O'Hagan Steve, Kell Douglas B
School of Chemistry, The University of ManchesterManchester, UK; The Manchester Institute of Biotechnology, The University of ManchesterManchester, UK; Manchester Centre for Synthetic Biology of Fine and Speciality Chemicals, The University of ManchesterManchester, UK.
Front Pharmacol. 2016 Aug 22;7:266. doi: 10.3389/fphar.2016.00266. eCollection 2016.
Previous studies compared the molecular similarity of marketed drugs and endogenous human metabolites (endogenites), using a series of fingerprint-type encodings, variously ranked and clustered using the Tanimoto (Jaccard) similarity coefficient (TS). Because this gives equal weight to all parts of the encoding (thence to different substructures in the molecule) it may not be optimal, since in many cases not all parts of the molecule will bind to their macromolecular targets. Unsupervised methods cannot alone uncover this. We here explore the kinds of differences that may be observed when the TS is replaced-in a manner more equivalent to semi-supervised learning-by variants of the asymmetric Tversky (TV) similarity, that includes α and β parameters.

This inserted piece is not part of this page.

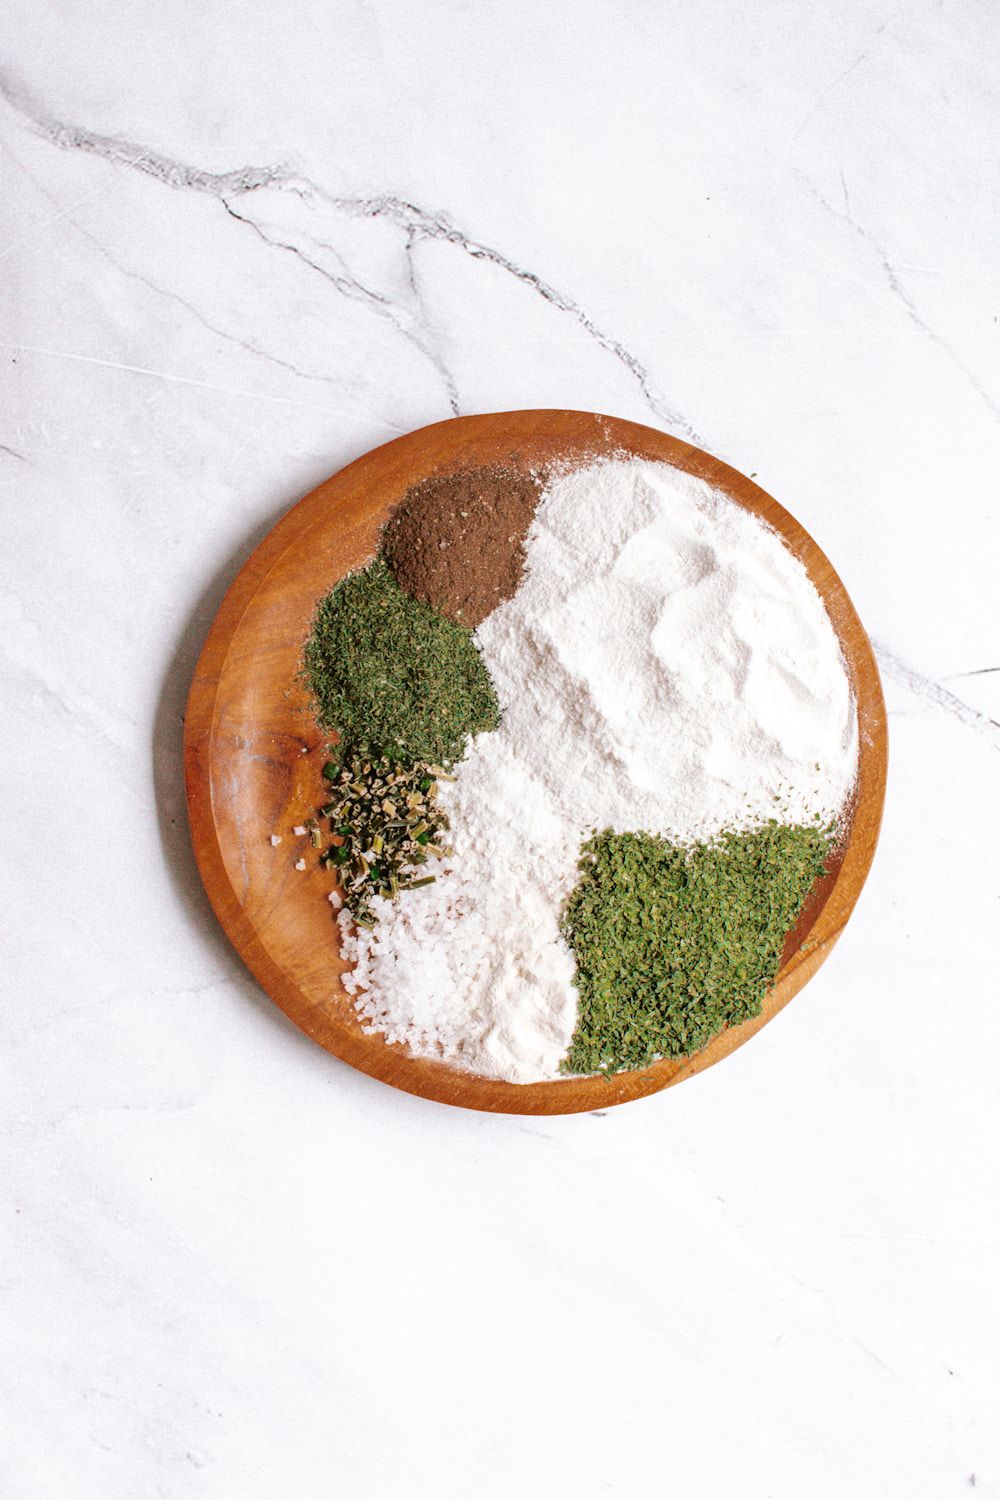 Ingredients for ranch seasoning with buttermilk powder, dried herbs, onion powder, garlic powder, and pepper on a wooden plate.
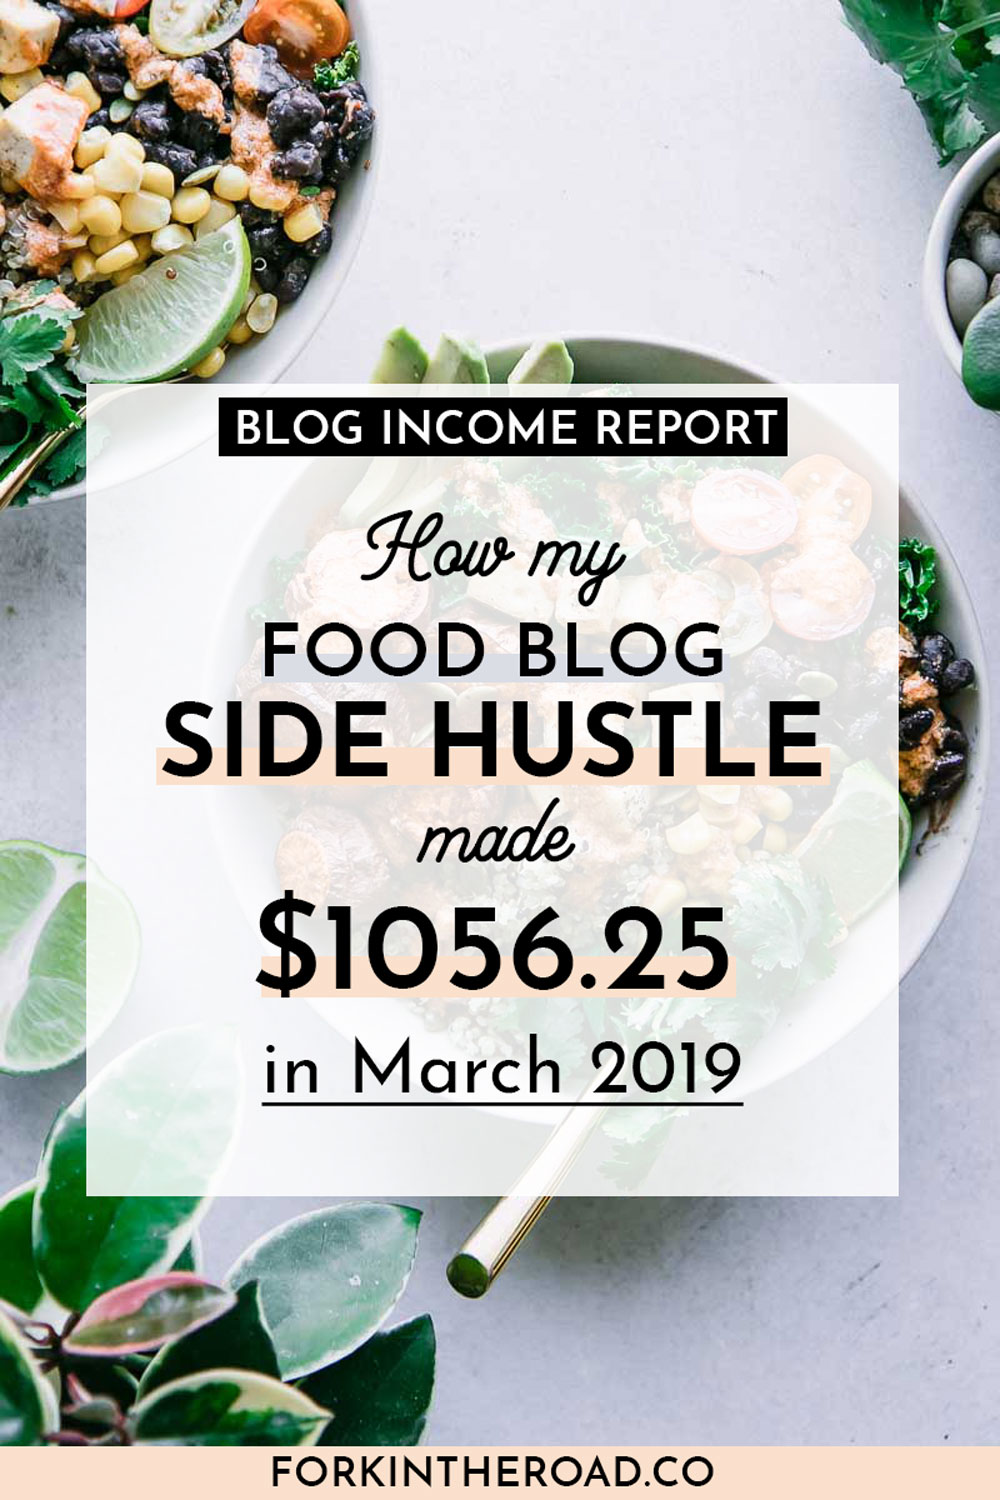 March 2019 Food Blog Side Hustle Income Report: $1056.25

Dramatic differences are observed in (i) the drug-endogenite similarity heatmaps, (ii) the cumulative "greatest similarity" curves, and (iii) the fraction of drugs with a Tversky similarity to a metabolite exceeding a given value when the Tversky α and β parameters are varied from their Tanimoto values. The same is true when the sum of the α and β parameters is varied. A clear trend toward increased endogenite-likeness of marketed drugs is observed when α or β adopt values nearer the extremes of their range, and when their sum is smaller. The kinds of molecules exhibiting the greatest similarity to two interrogating drug molecules (chlorpromazine and clozapine) also vary in both nature and the values of their similarity as α and β are varied. The same is true for the converse, when drugs are interrogated with an endogenite. The fraction of drugs with a Tversky similarity to a molecule in a library exceeding a given value depends on the contents of that library, and α and β may be "tuned" accordingly, in a semi-supervised manner. At some values of α and β drug discovery library candidates or natural products can "look" much more like (i.e., have a numerical similarity much closer to) drugs than do even endogenites.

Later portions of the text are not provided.